I’m not sure what you mean by “anything,” but the plan is to use a heat pump for both heating and cooling. The climate is fairly mild where I’m building; only a few days below 30 in the winter or above 85 in the summer. If what I’ve read is correct, a heat pump in a mild climate is much cheaper to run than either gas or electric heat, although the upfront cost is higher. A geothermal heat pump would be even cheaper to run, but costs even more to install.

TILE - Get It, use it, do it right this time by all that is holy.

Go to any of the surviving 18th Cent “Union” station houses. Look at the tile. This is NOT a lost art as is the original Stained Glass - the ways to produce this surface have been in continous production for hundreds of years.

Use real stuff - the cheap imitation are exactly that - imitation. It will not produce the same result.

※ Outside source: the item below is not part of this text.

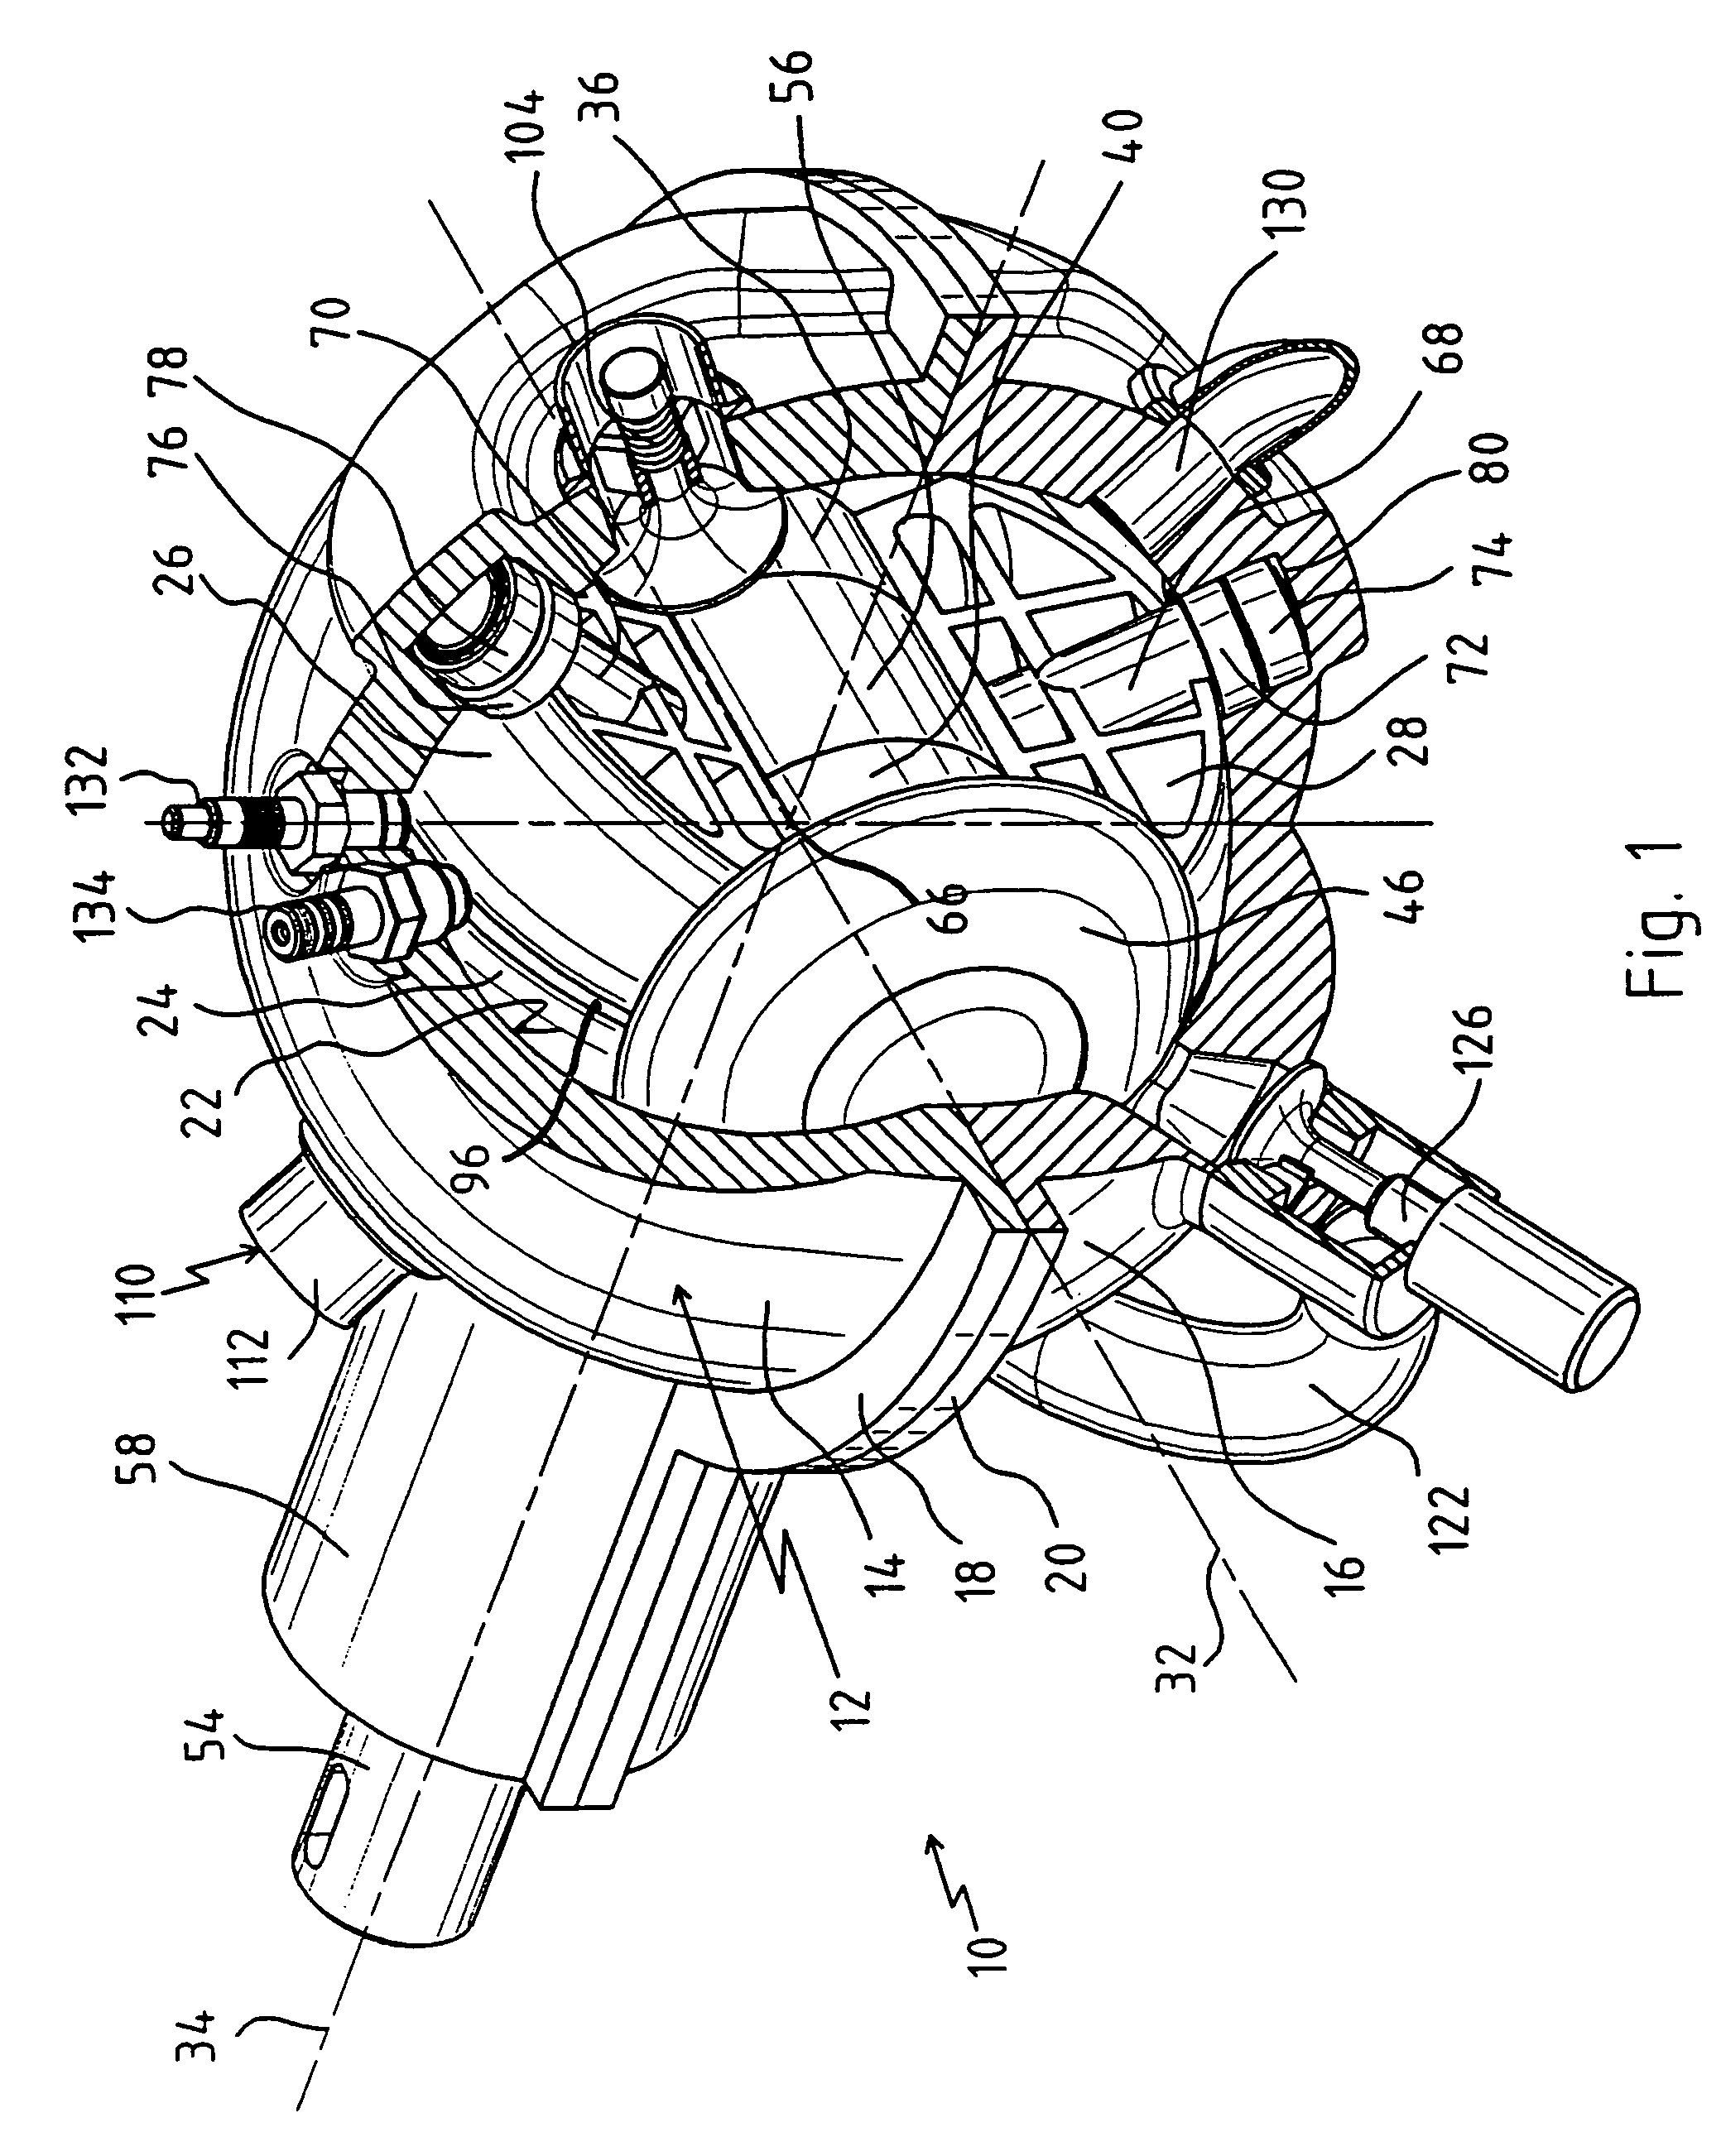 Oscillating piston machine

The ironies of building supplies continues - it used to be (get it?) that you had to look to find the stuff, but when you did, you got the good stuff. Now, the stuff is available behind large orange signs in every damed town but the quality is crap.
Back to finding the stuff,

The basics: sealant and moisture - much like baking food - time + materials results in a good install.
My last house I used reall stuff upstairs and the cheap stuff below.
After 20 years, the upstairs has never required grout cleaning - just the same cleaning on the grout (cement) and the tile.
The downstairs was built in 2008 and I have no idea how it has aged.

Those cheap, 8 MIL plastic “drop cloths” do serve one great purpose - they create the “OVEN” in which the water spray is added to the grout and allowed to sit. The clingy plastic wraps around the tile perfectly

Color me baffled.

You’re not the only one!

People have talked about outlets but let me add one more location for you.

Closets. Some building codes prohibit it, but if your area does not they’re excellent for charging hand held vacuums, charging center in the MB closet keeps devices off your nightstand but still close enough to reach if necessary, night lights etc.

I had them in my prior home but they’re against the law here and I miss several of them regularly. We used the MB closet charging station for a neat, out of the way place to recharge batteries for cameras and flashes, and the indirect dim light from a night light in a closet is the perfect balance for me of being able to see if I have to get up balanced with my need for almost total darkness to sleep.

Another possible location for an outlet; next to the toilet. This would be helpful in case you decide to get one of those Japanese toilet seat/bidets. (I think they’re available fo $500 or so, and I’ve heard good things about them but have never experienced one.)

Speaking of closets …

A couple houses ago I redid a good-sized walk-in with those fancy closet cabinets. I don’t remember if this https://www.californiaclosets.com/ was the brand, but it’s certainly the idea. Massively, massively wonderful. Unless you’re real short of stature you can get two levels of hanging clothes, shelves for lots of shoes, drawers and shelves galore, etc. Which massively reduces the number of dressers and such clogging up your room(s).

One of the extra-neat things we did was get a built-in ironing board which pulls out of what looks like a drawer. It’s a bit smaller than a full-sized one, but plenty big enough for ironing clothing. Like this, but IIRC not *quite *as expensive: http://www.rev-a-shelf.com/p-7-drawer-accessories-fold-out-ironing-board-for-bathroomvanity.aspx. Although the cabinets in those pix look about like what we had put in.

The $/SF of that room was scary, but the result was tres chic. And convenient as hell.

One of the harder things I had to do prepping for their install was to add an electrical outlet to the wall in the right place that it’d end up inside a cubby designed to hold the iron, starch spray, etc. Right directly above the drawer where the board pulled out. It was a wall with no power, so I had to tap into wiring in the attic and then run power down inside the wall. Which naturally was an exterior wall which is even more fun to retrofit. Putting in this outlet while the building was going up would have been trivial and costless.

In my current place I wrestle with a conventional ironing board and finding a nearby outlet to plug in an iron. How 1950s primitive and awkward and stupid it feels by comparison.